→ **Information provided**

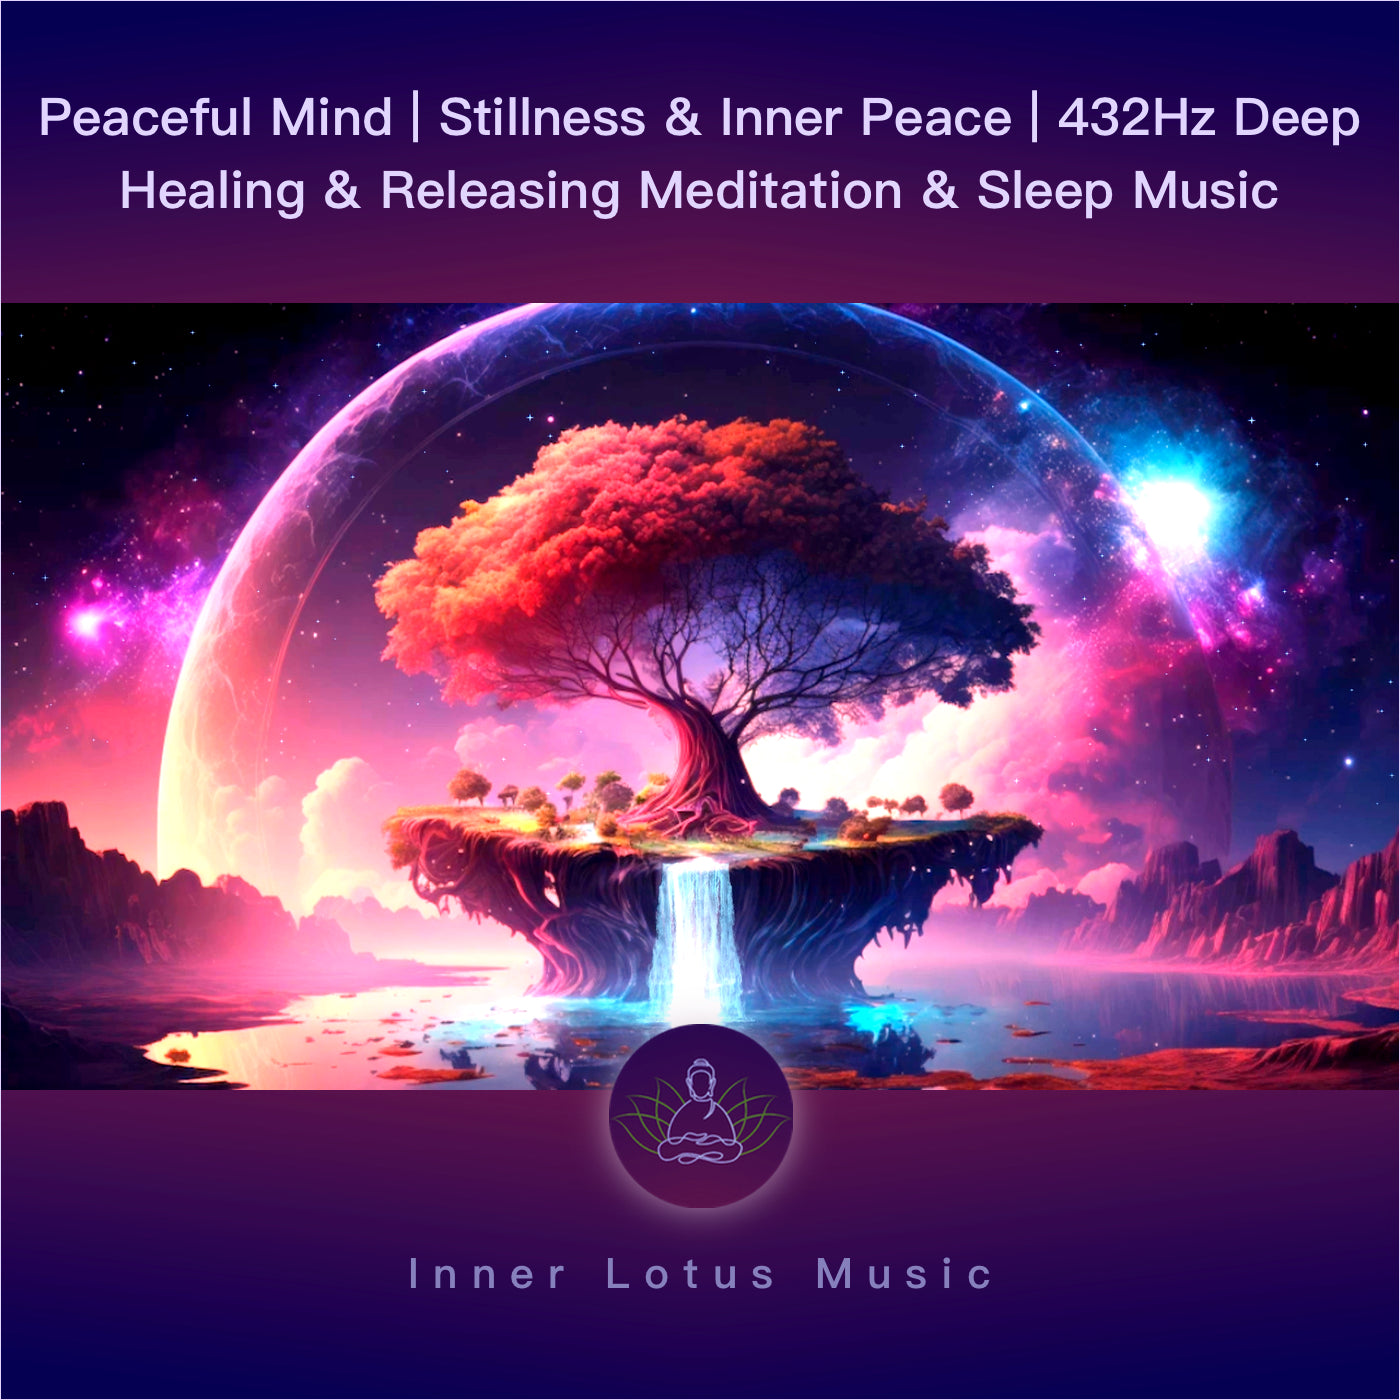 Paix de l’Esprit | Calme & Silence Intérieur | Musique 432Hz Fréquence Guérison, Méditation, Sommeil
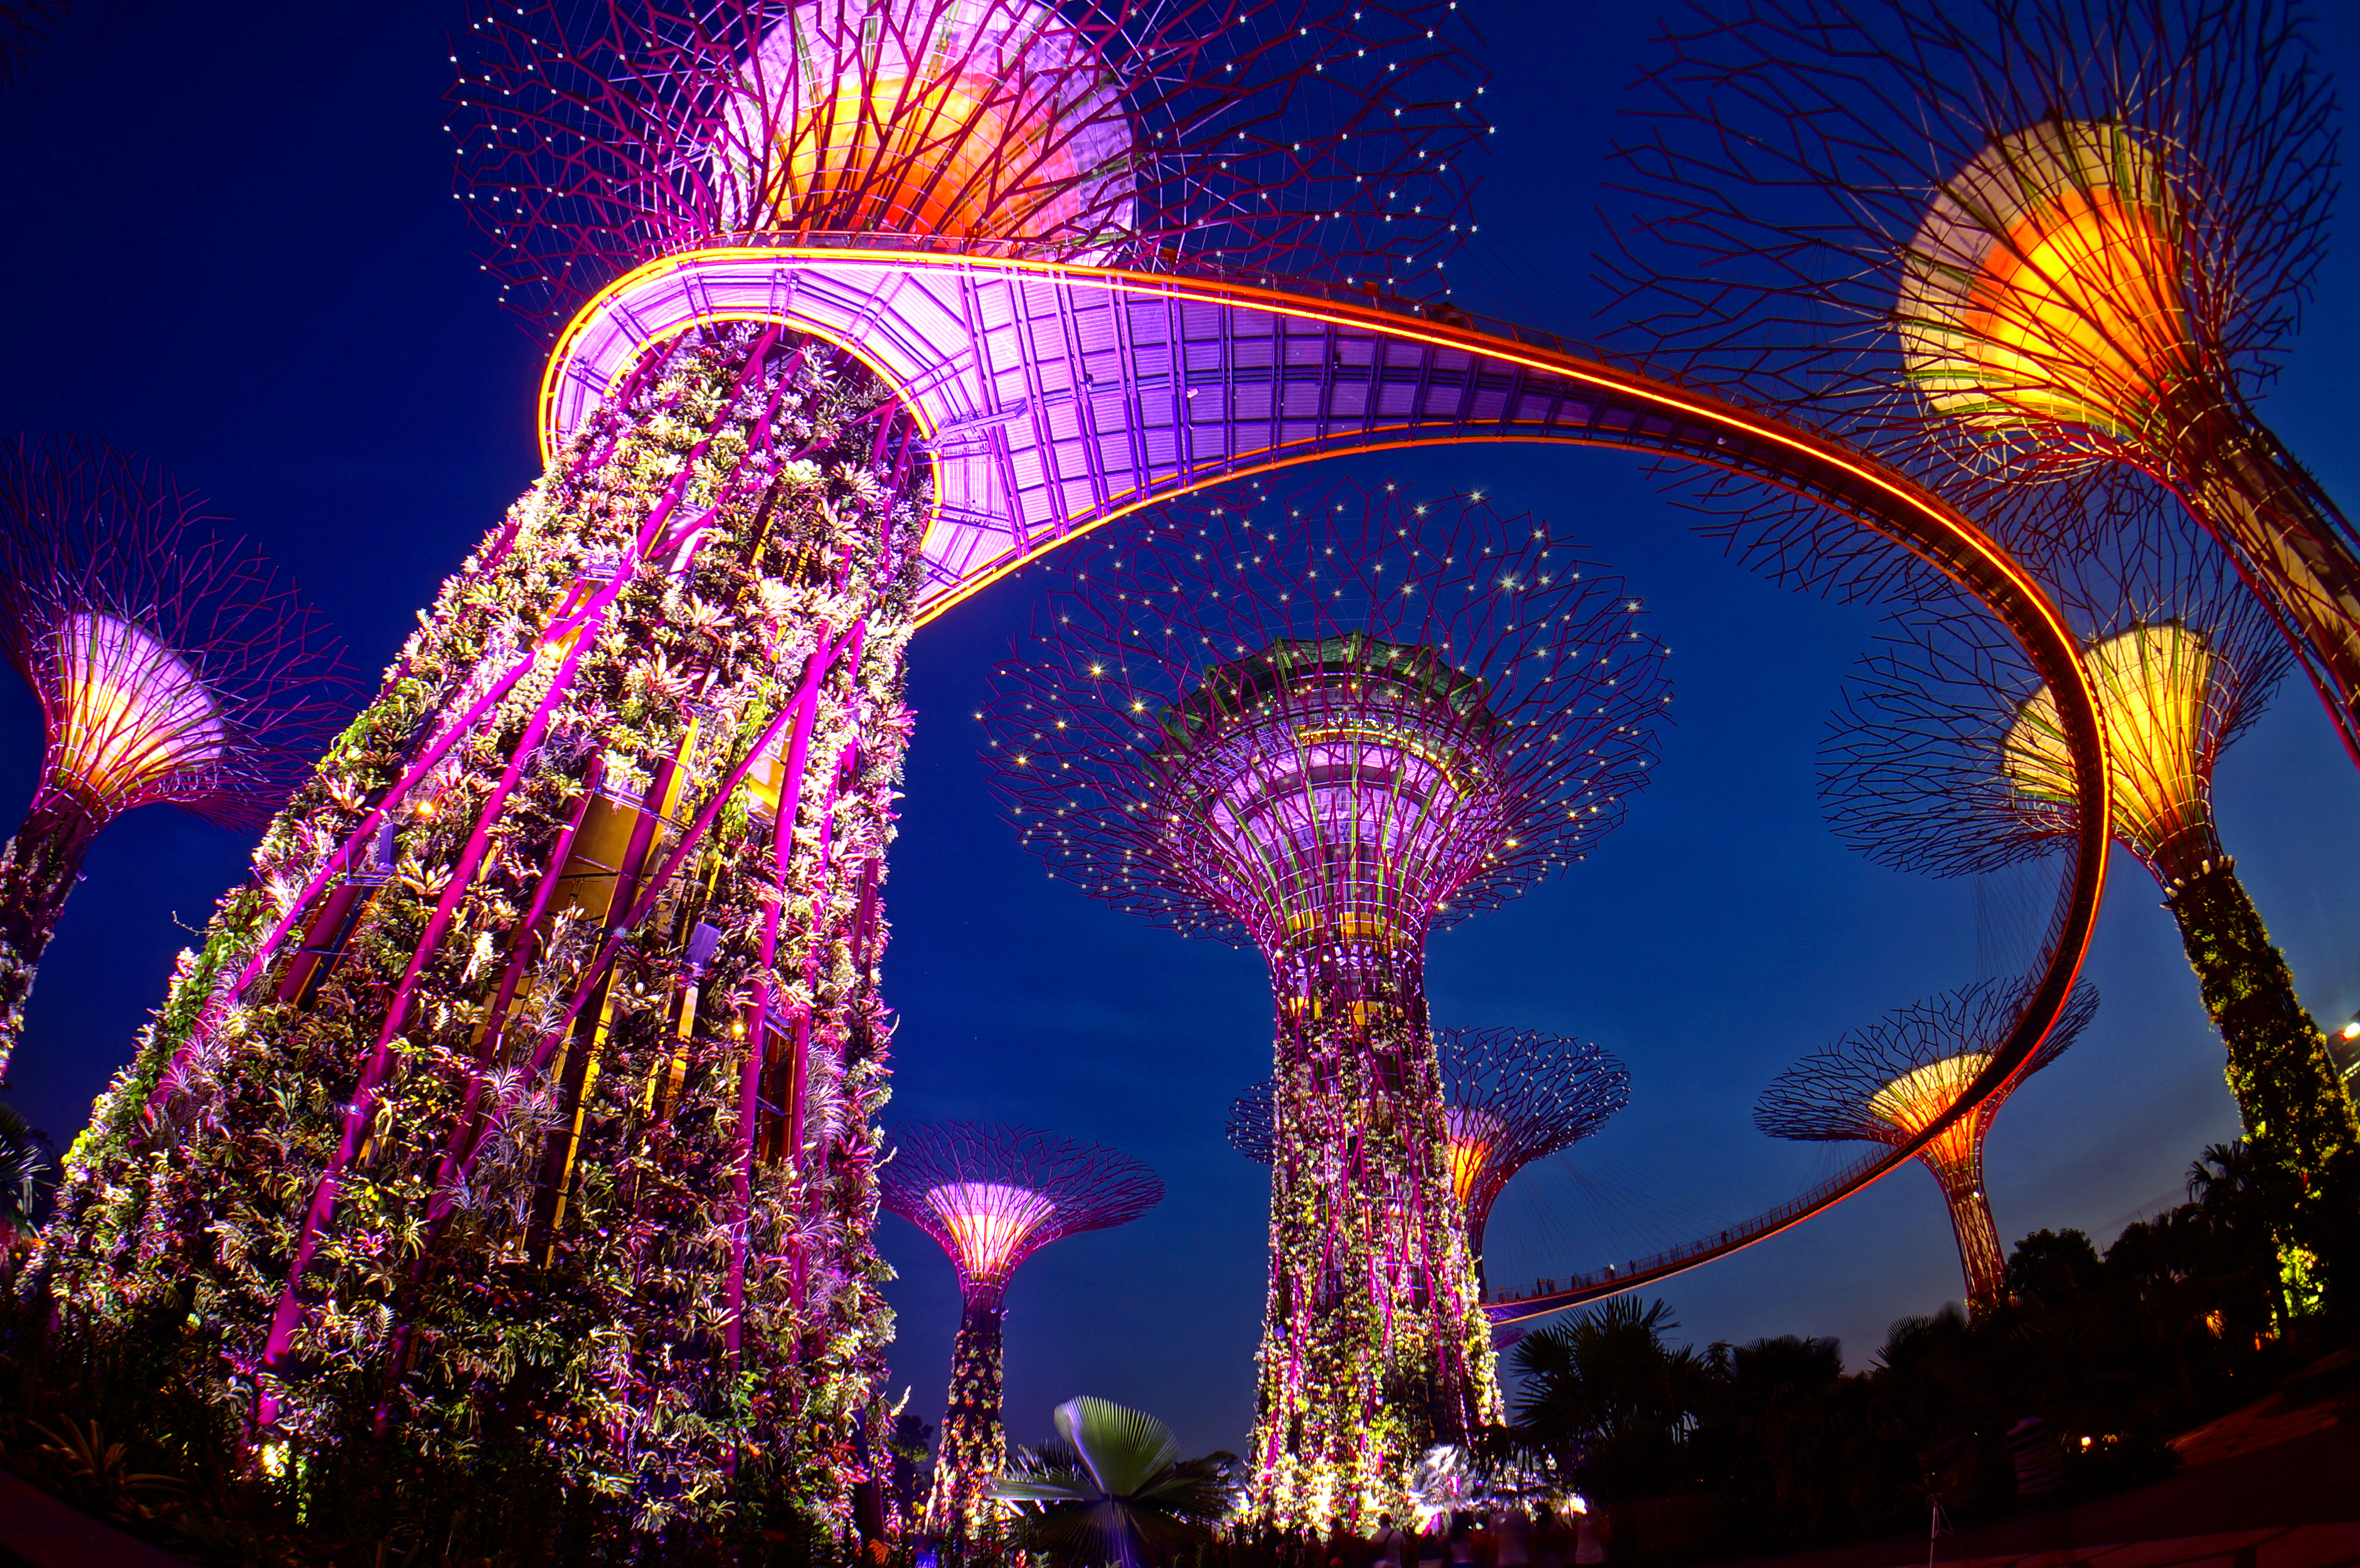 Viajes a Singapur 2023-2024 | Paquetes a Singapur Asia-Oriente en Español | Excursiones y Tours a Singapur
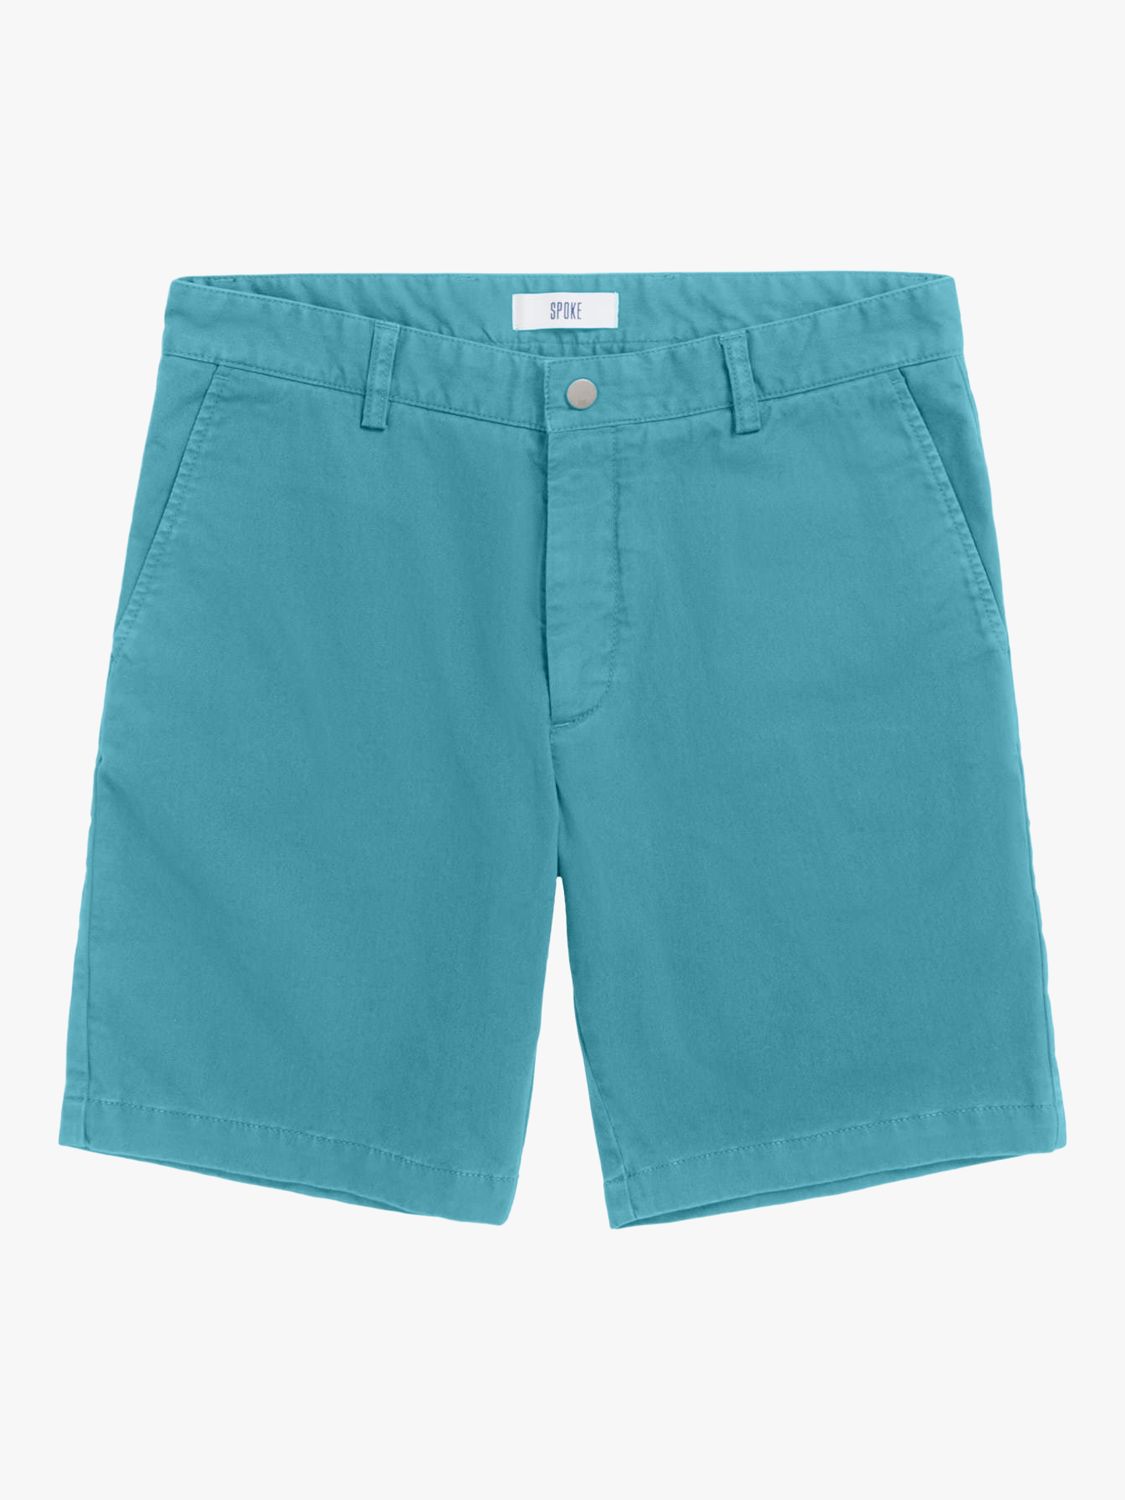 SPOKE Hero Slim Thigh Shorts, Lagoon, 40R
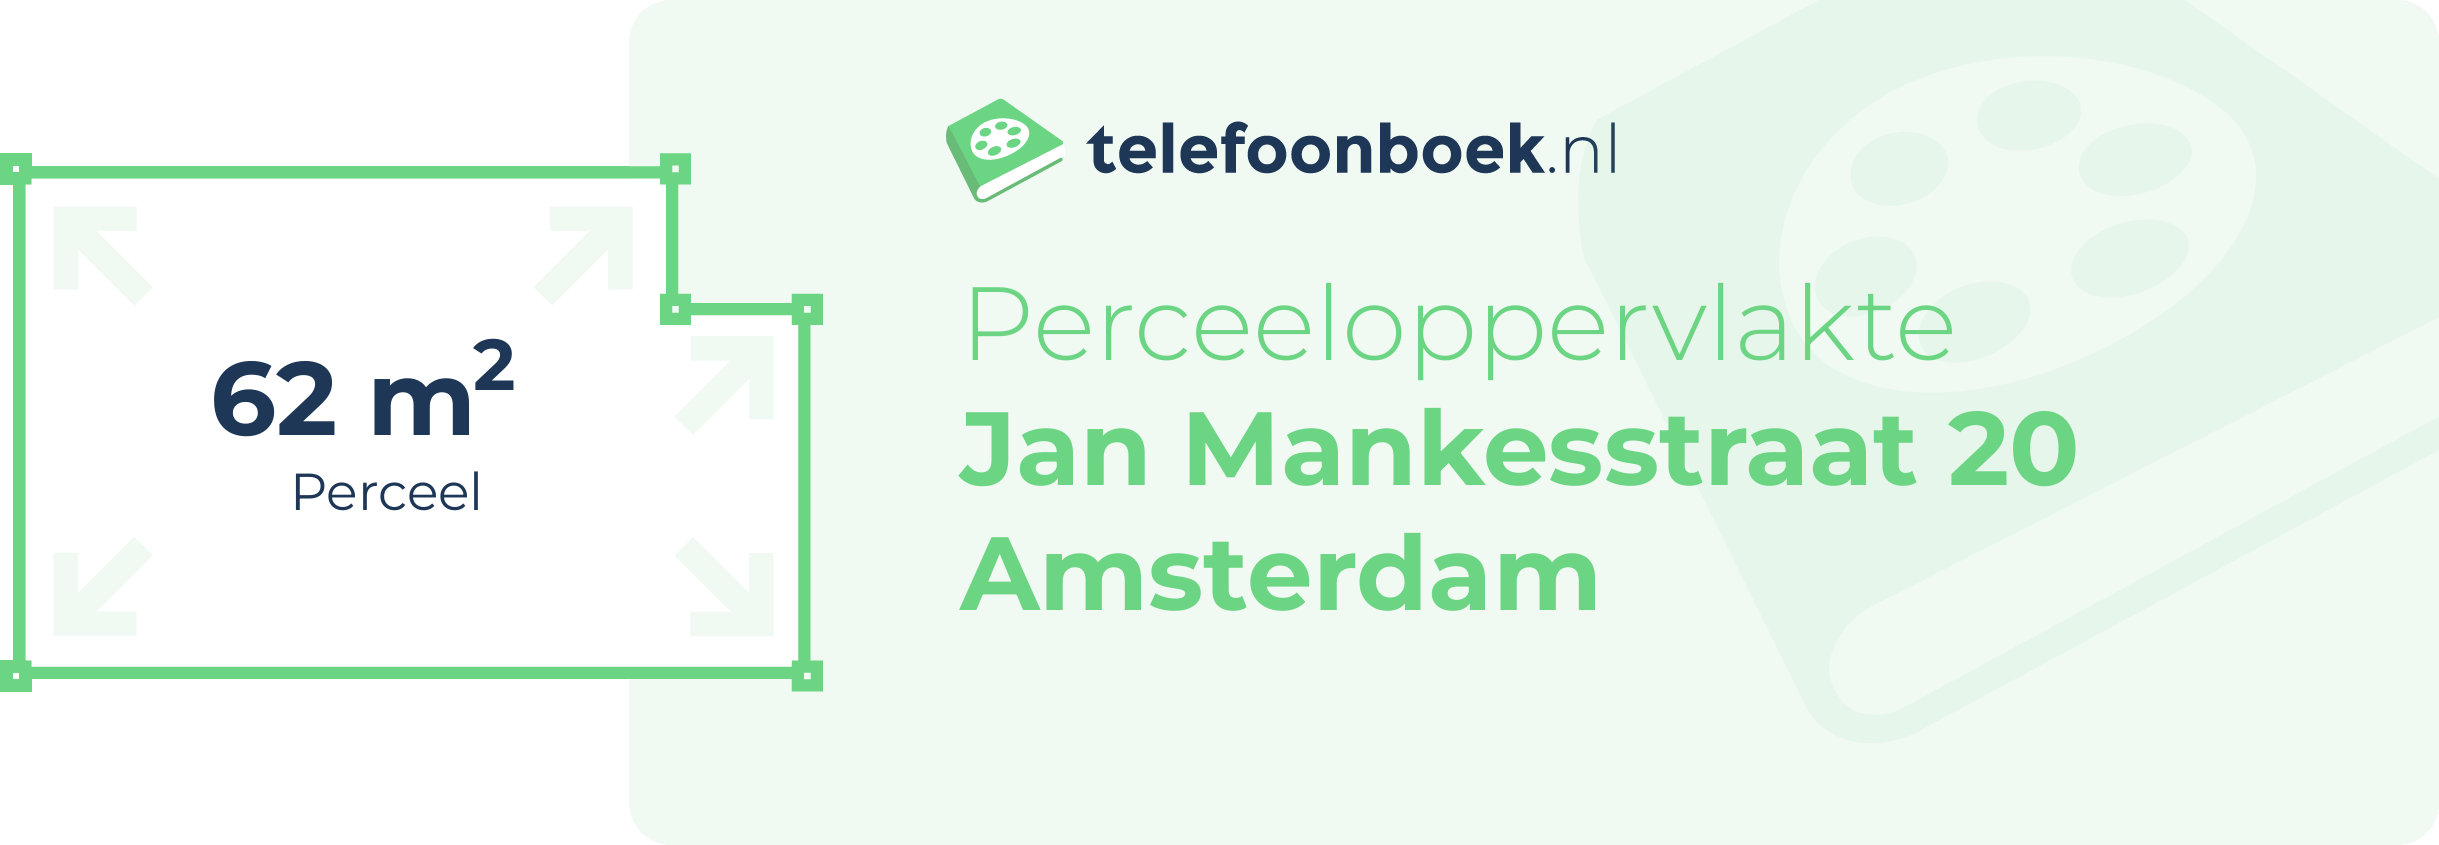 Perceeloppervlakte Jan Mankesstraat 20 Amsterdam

→ **What you are asked to do**
Print every line of the material exactly as written, but drop the pictures.

→ **Answer to this exercise**
 Paix de l’Esprit | Calme & Silence Intérieur | Musique 432Hz Fréquence Guérison, Méditation, Sommeil
 Viajes a Singapur 2023-2024 | Paquetes a Singapur Asia-Oriente en Español | Excursiones y Tours a Singapur
 SPOKE Hero Slim Thigh Shorts, Lagoon, 40R
 Perceeloppervlakte Jan Mankesstraat 20 Amsterdam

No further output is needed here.